Might a more comprehensive solution, like Quantum IoT Protect, be an even better deal than a traditional IoMT security solution?
The IoMT ecosystem must adhere to strict security and privacy specifications. So many now infamous IoT/IoMT attacks and vulnerabilities (Mirai IoT botnet, Gafgyt, St. Jude cardiac IoMT, Owlett WiFi baby heart monitor, web cam takeovers) targeted loose or inadequately coherent security controls, namely access control, data confidentiality, integrity, authenticity, and availability. The current strategy for cyber security methods involves key management, intrusion detection, authentication, access control, encryption, and privacy. Adding the new dimension of cloud infrastructure, cloud computing, cloud data laking and cloud data analytics requires a comprehensive enterprise class cyber security architecture.

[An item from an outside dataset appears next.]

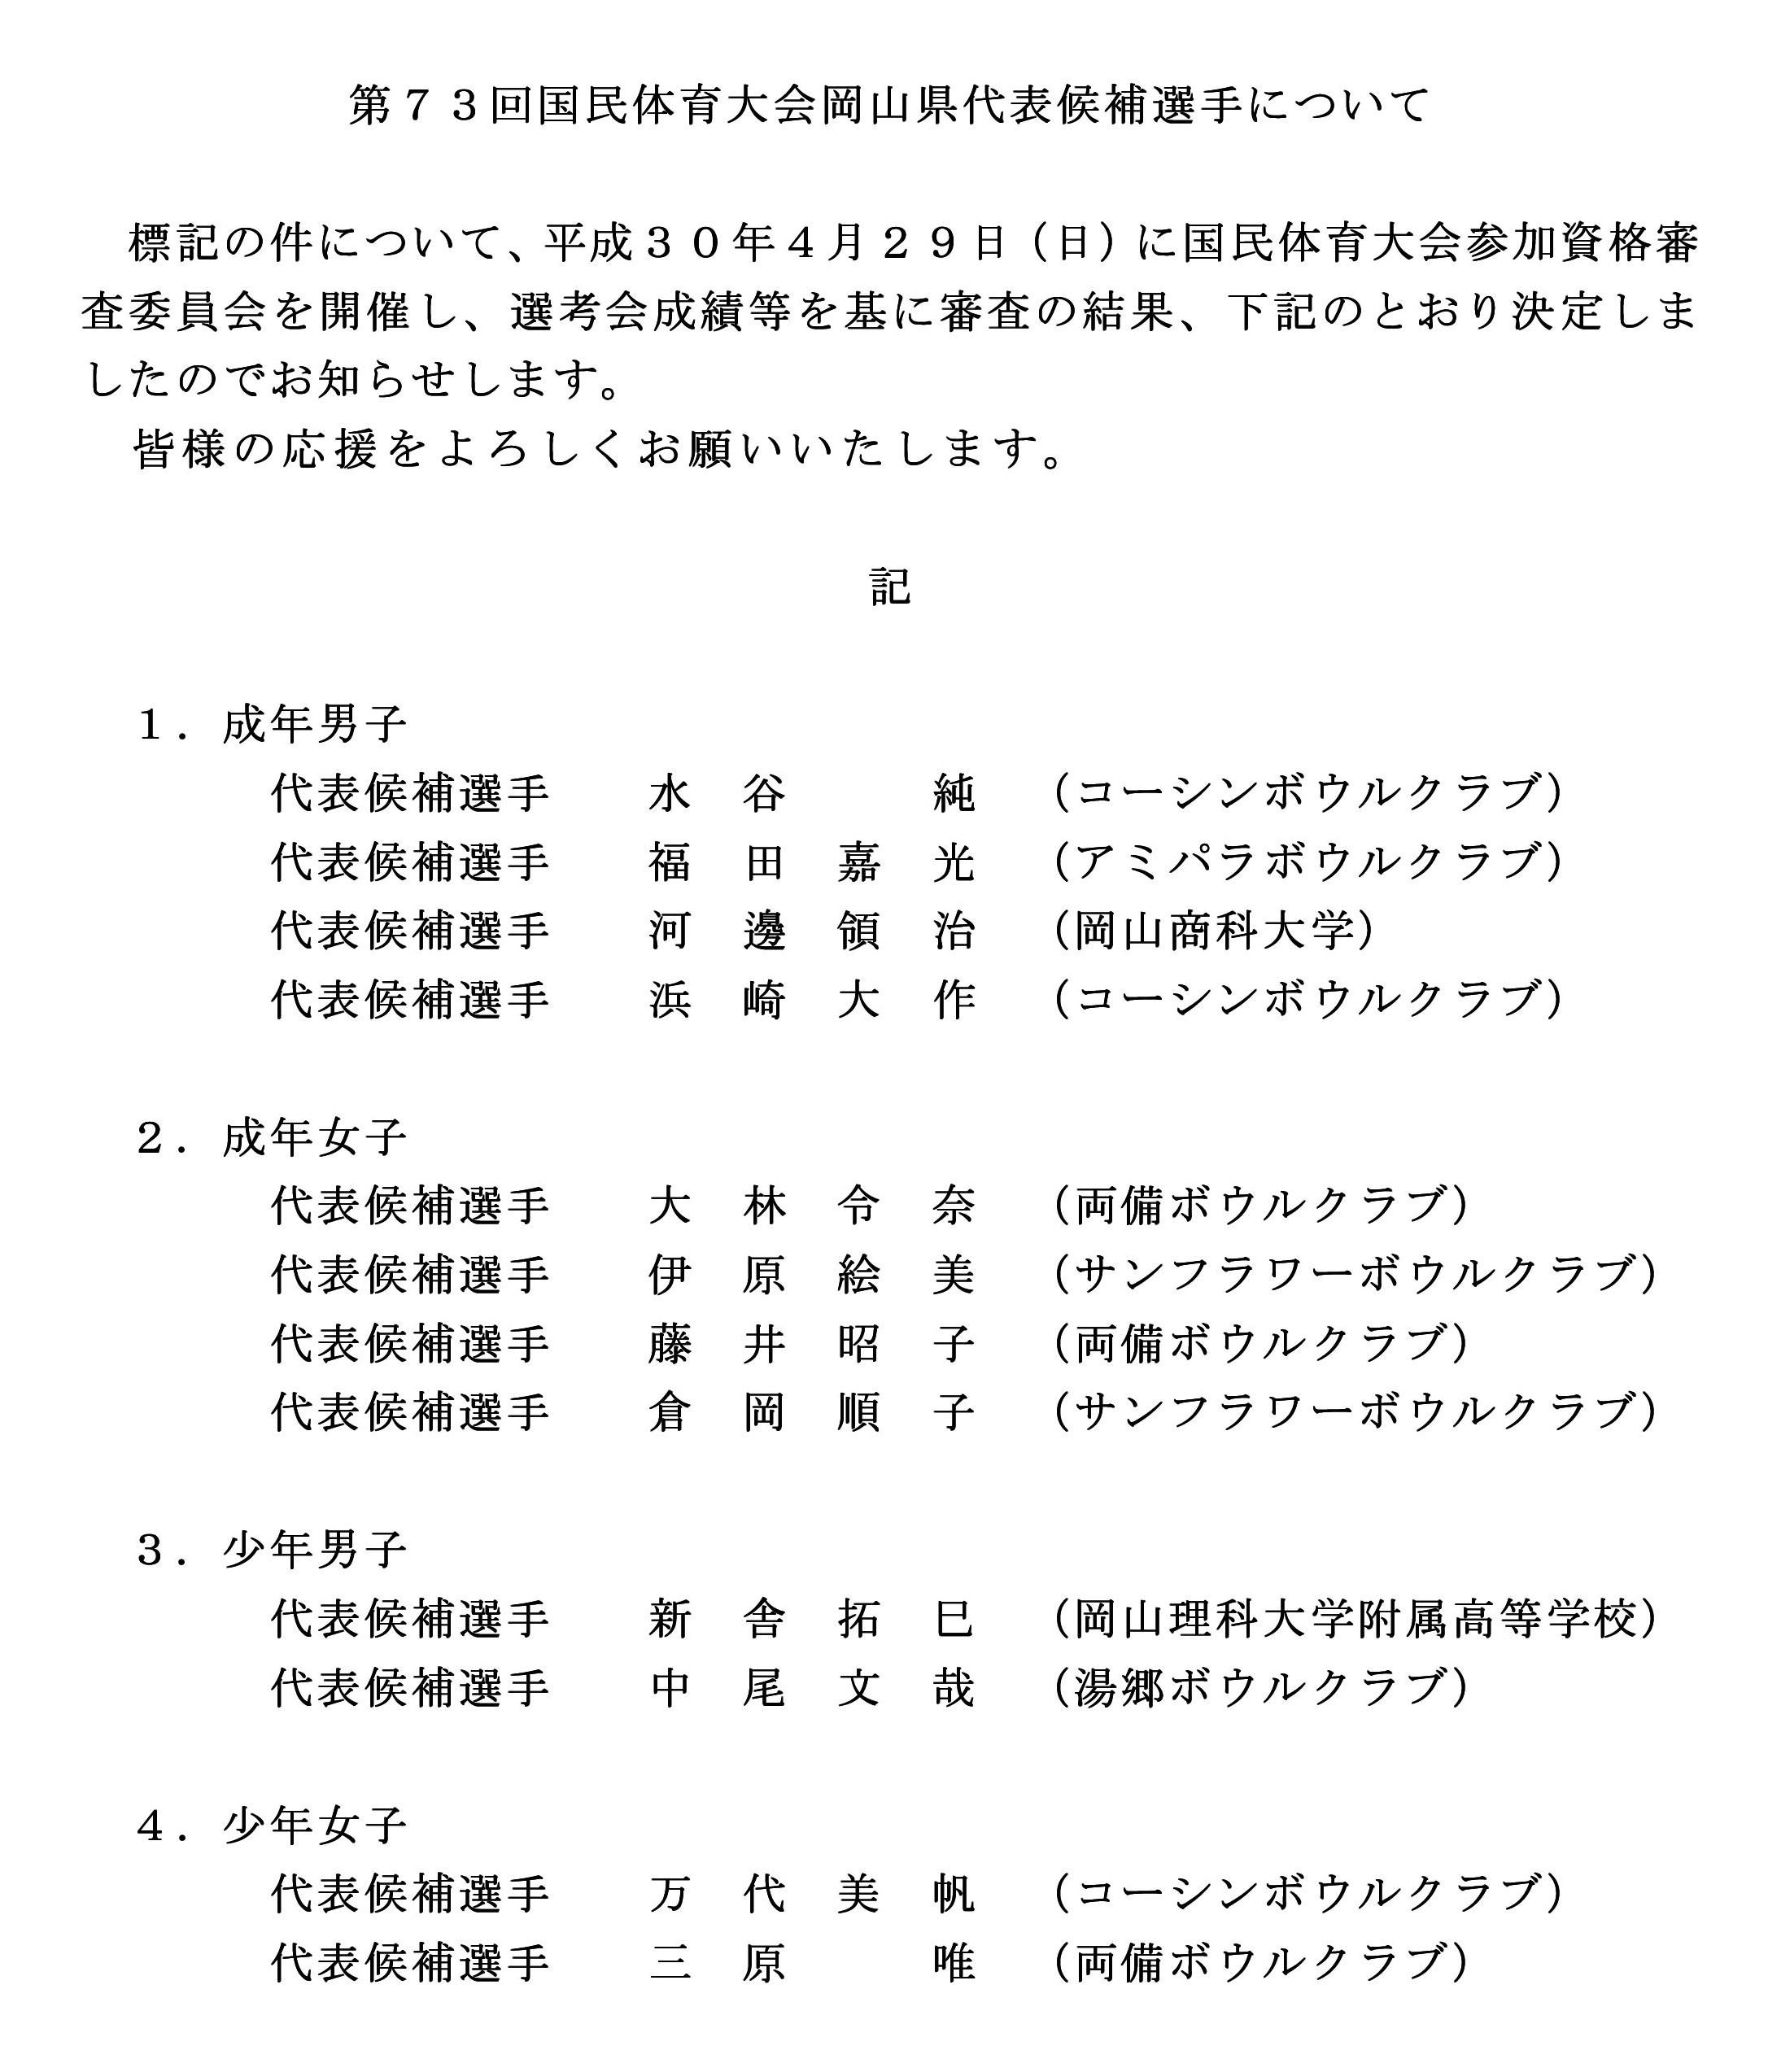 Microsoft Word - 第73回国民体育大会岡山県代表候補選手について.jpg

At the device, level smart devices, such as IoMT sensors and running IoMT health applications, we must include privacy requirements, especially with contact tracing and movement control, which must be protected against leaks to third-parties and unauthorized applications and service providers. IoMT users have to develop trust for the centralized servers where PHI is uploaded, collected, stored and analyzed. IoMT devices also need to support decentralized approaches, where the device provides real-time local telemetry data to be offered to nurses, doctors, clinicians, and medical systems. This can potentially be provided with blockchain technology.
Blockchain technology could help improve the privacy of IoMT data, as it adopts a naturally decentralized architecture and secure transactions with cryptographic encryption, creates immutable reliable trust and easy device identification of its owns unique identifiers. However, blockchain has its own drawbacks if connected locally to untrusted Wi-Fi networks.